Os textos atribuídos a Feijó, e outros que correm dele sob diversas assinaturas, constituem um enigma bibliográfico a que não cabe o rótulo de plágio, ao invés do que António Carreira (14) e Estela Guedes (15) deixaram já sob suspeita. Carreira analisa e publica versões do “Ensaio Económico”, não publica as versões da memória sobre a erupção do Fogo em 1785, que geram enigmas similares. Conhecemos vários documentos de Feijó que referem essa erupção e dois manuscritos da memória (16), não publicada no seu tempo, mas conhecida dos naturalistas. É assim que diversos autores citam parágrafos dela, sendo as citações todas semelhantes e diferentes, divergindo por exemplo na data da erupção. Orlando Ribeiro (17) publicou a memória de Feijó a partir do manuscrito do Arquivo Histórico Ultramarino, e está conforme com ele, excepto num ponto: acrescenta uma “Prefação”, importada da mais desconcertante das versões, a de Pimentel (18), por ser profundamente diversa das outras e não indicar a fonte, quando à mão tinha o manuscrito da Academia das Ciências de Lisboa, esperando-se portanto que referisse o facto de a sua fonte ser outra e não coincidir com a da Academia. Outra circunstância desconcertante é a de Botelho da Costa (19) publicar uma memória sobre a erupção do Fogo ocorrida em Abril de 1800, que inclui parágrafos da(s) memória(s) de Feijó, mas cuja autoria Botelho da Costa atribui a Marcellino António Basto. Em nenhum destes casos se pode falar de plágio, sim de obra colectiva. A obra colectiva, porque é plural, dissipa a identidade do autor singular. No caso de Feijó, dissipa-se ainda de outros modos: correm várias datas e locais de morte, e uma das versões do seu “Ensaio económico sobre as ilhas de Cabo Verde” foi publicada no Brasil sob a autoria de João da Silva Rego (in Carreira). De modo geral, as versões mais problematizantes são as do Brasil, por isso é de encarar a hipótese de Pimentel ter publicado uma versão brasileira.

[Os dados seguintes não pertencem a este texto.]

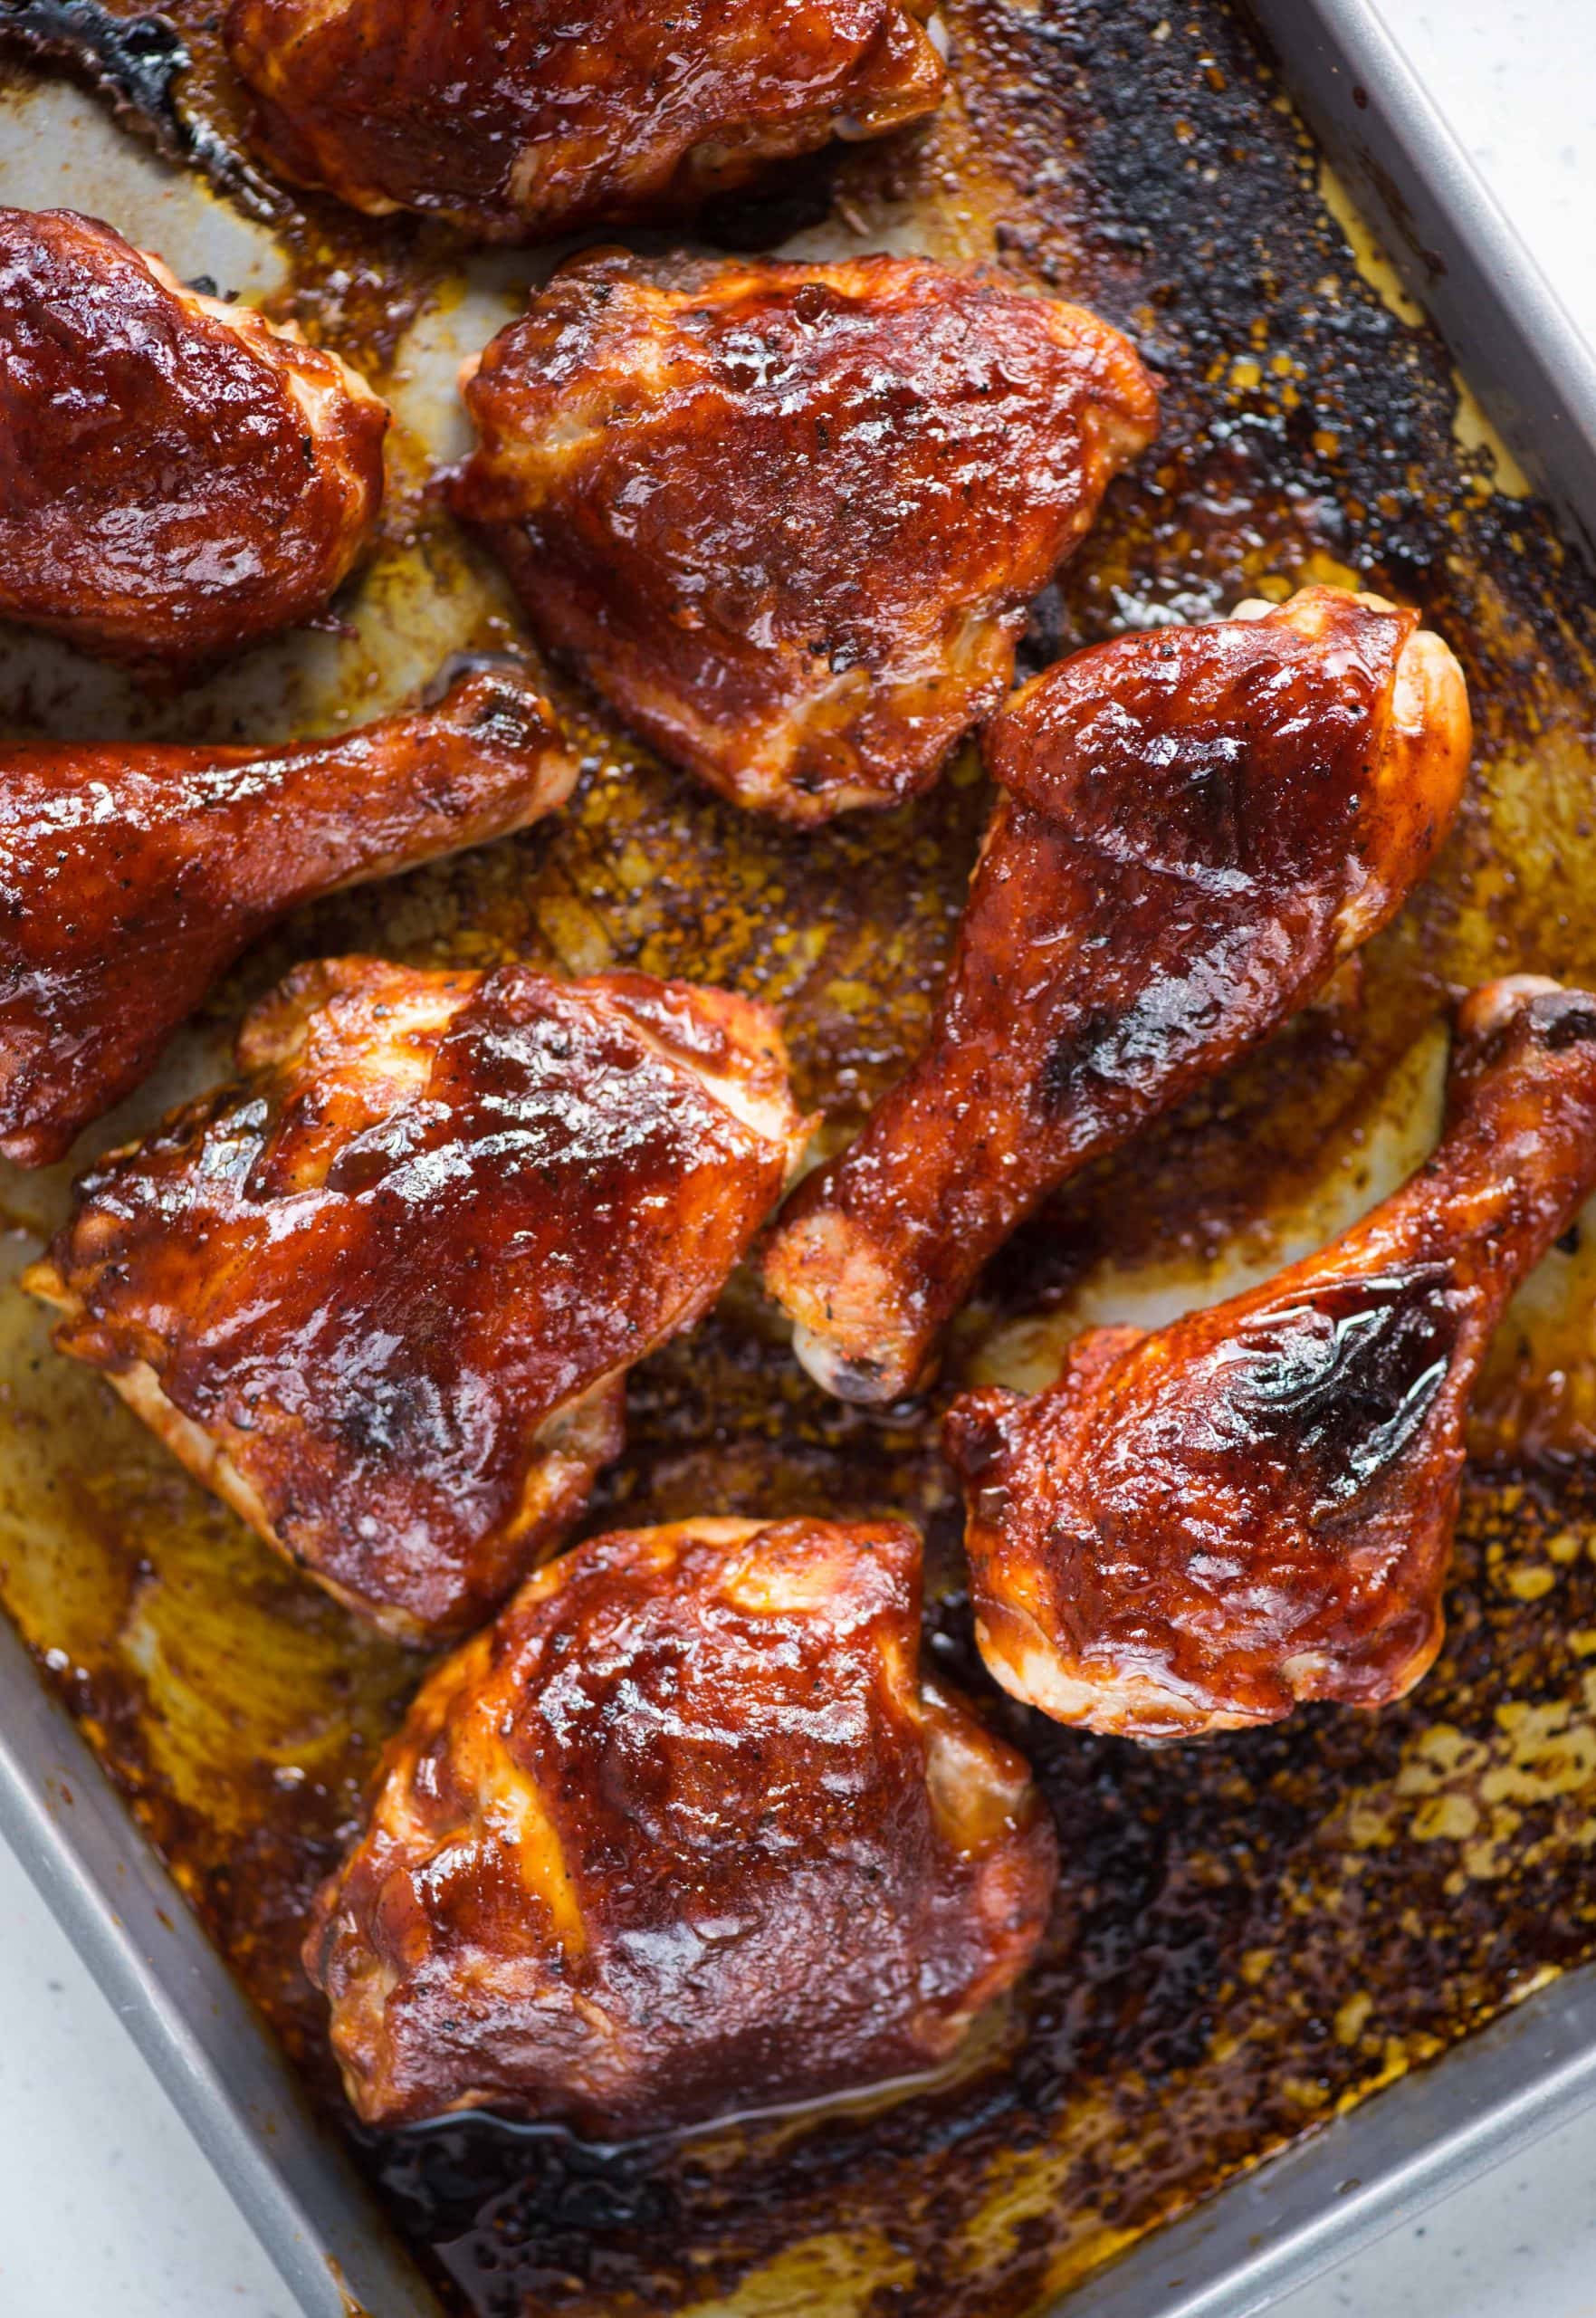 How long do u cook bbq chicken in the oven Bbq Chicken In Oven In 3 Easy Steps The Flavours Of Kitchen

Estes problemas exigem que se advirta o leitor de que é preciso cautela no uso da informação contida nas cartas que agora divulgamos, pois a existência de versões e de problemas de autoria tornam logo impraticável a citação. Não é decerto por só nós termos conhecimento da sua existência na Biblioteca Nacional que elas vêm à luz duzentos anos volvidos sobre o período das Luzes, sim porque ninguém, até agora, as quis divulgar. Nada garantindo que nos arquivos brasileiros não existam manuscritos gémeos mas diferentes, pois Feijó encontrava-se em ponto estratégico para enviar informações para a metrópole e para o Brasil.

Como o nosso principal objectivo é porém proceder à divulgação das cartas, passamos assim ao “Itinerário Filosófico”, conjunto de observações pioneiras sobre Cabo Verde, no que diz respeito ao uso de discurso científico moderno, próprio do Iluminismo. Pioneiras sobretudo em relação ao que descreve da ilha do Fogo, a mais interessante para a geologia, e que a geologia só revela conhecer das versões da(s) sua(s) memória(s).


CONTINUA


NOTAS


(10)
«Viagens filosóficas ou dissertação sobre as importantes regras que o flósofo naturalista nas suas peregrinações deve principalmente observar, por D.V. », 1779. Cópia de Frei Vicente Salgado. Ms. azul, Academia das Ciências de Lisboa.

(11) Embora o ministro tivesse recebido notícias em contrário, e o próprio Feijó induza na convicção de que o enxofre seria uma riqueza a extrair: “pode participar a S. Exª que me disse hoje o Administrador desta Ilha que se havia colhido de enxofre, de toda qualidade, de 95 para 100 quintais, e de caparrosa de toda a sorte, de 25 para 30 quintais. Inclusamente remeto uma lista do cálculo que eu, segundo a minha estimativa, tenho formado sobre a importância de ambos os produtos, desde a sua recolha até ser posto a bordo da embarcação que deve conduzi-los a Lisboa”. João da Silva Feijó – Carta para Júlio Mattiazzi. Ilha do Fogo, 15 de Agosto de 1786. Arquivo histórico do Museu Bocage, CN/F.15.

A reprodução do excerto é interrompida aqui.